2004-01-05  Daniel Berlin  <dberlin@dberlin.org>

	* ggc-zone.c: Remove everything in #ifdef USING_MALLOC_PAGE_GROUPS
	(USING_MMAP): We don't support non-mmap.
	(struct alloc_chunk): Steal 1 bit from typecode, use it to mark
	large objects.
	(struct page_entry): Remove bytes_free.
	(struct page_table_chain): Remove.
	(struct globals): Remove page_table member.
	(loookup_page_table_entry): Function deleted.
	(set_page_table_entry): Ditto.
	(ggc_allocated_p): No longer need page table lookups.
	(ggc_marked_p): Ditto.
	(alloc_small_page): Don't care about bytes_free anymore.
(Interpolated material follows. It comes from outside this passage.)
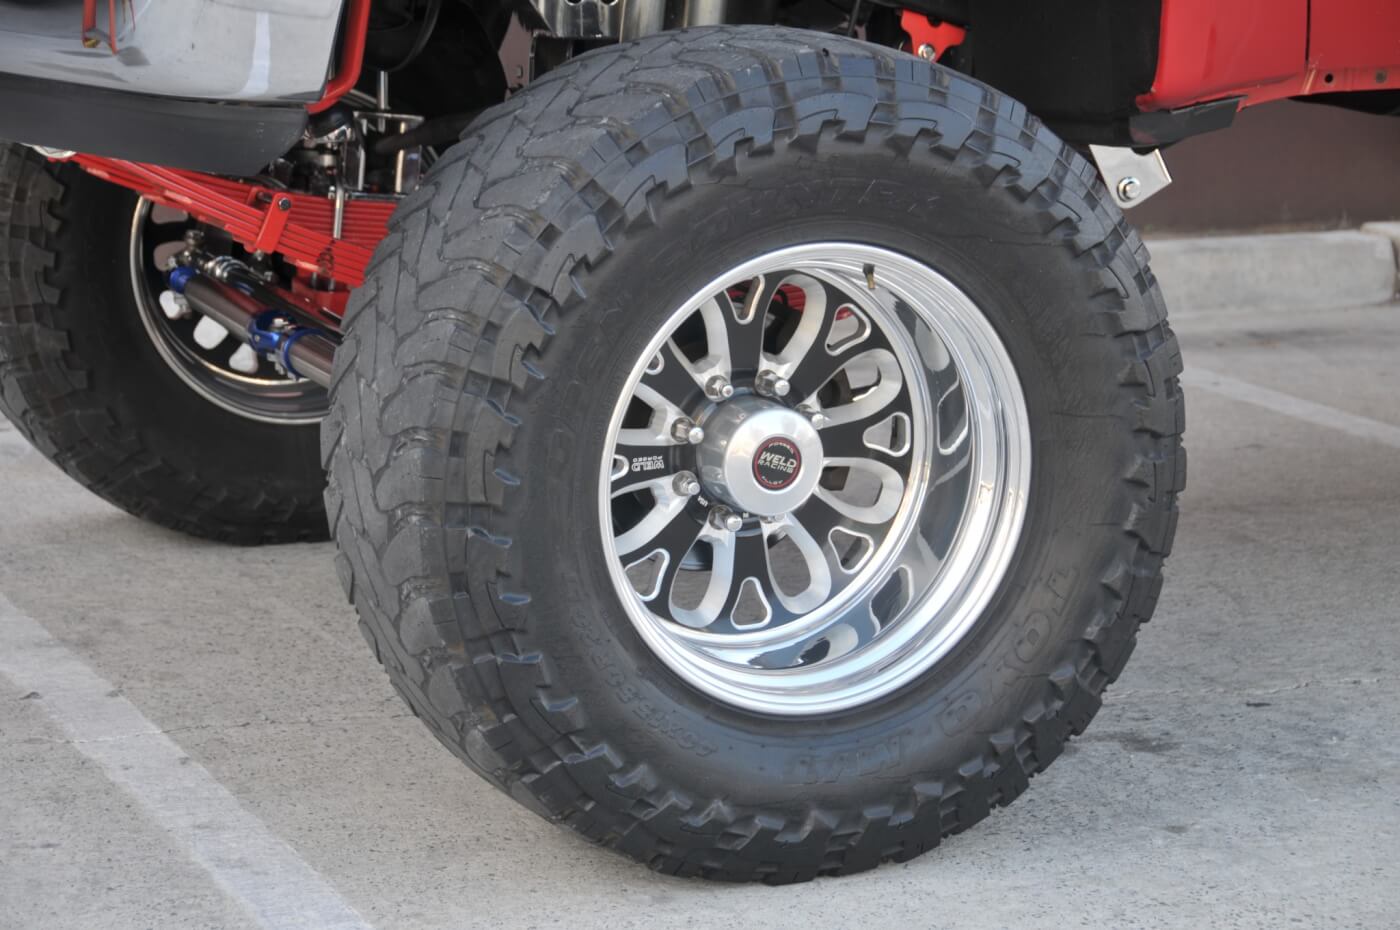 The Weld Racing T58 wheels are 20 inches in diameter.

	(alloc_large_page): Round up size.
	(ggc_alloc_zone_1): Mark large objects as such, and calculate
	their size the new way.
	Remove page table lookups and setting.
	(ggc_get_size): Calculate large object size the new way.
	(sweep_pages): Redo to account for fact that we no longer have
	bytes_free.
	(ggc_collect): No longer need to reincrement bytes_free.
	(ggc_pch_alloc_object): Handle new large objects properly.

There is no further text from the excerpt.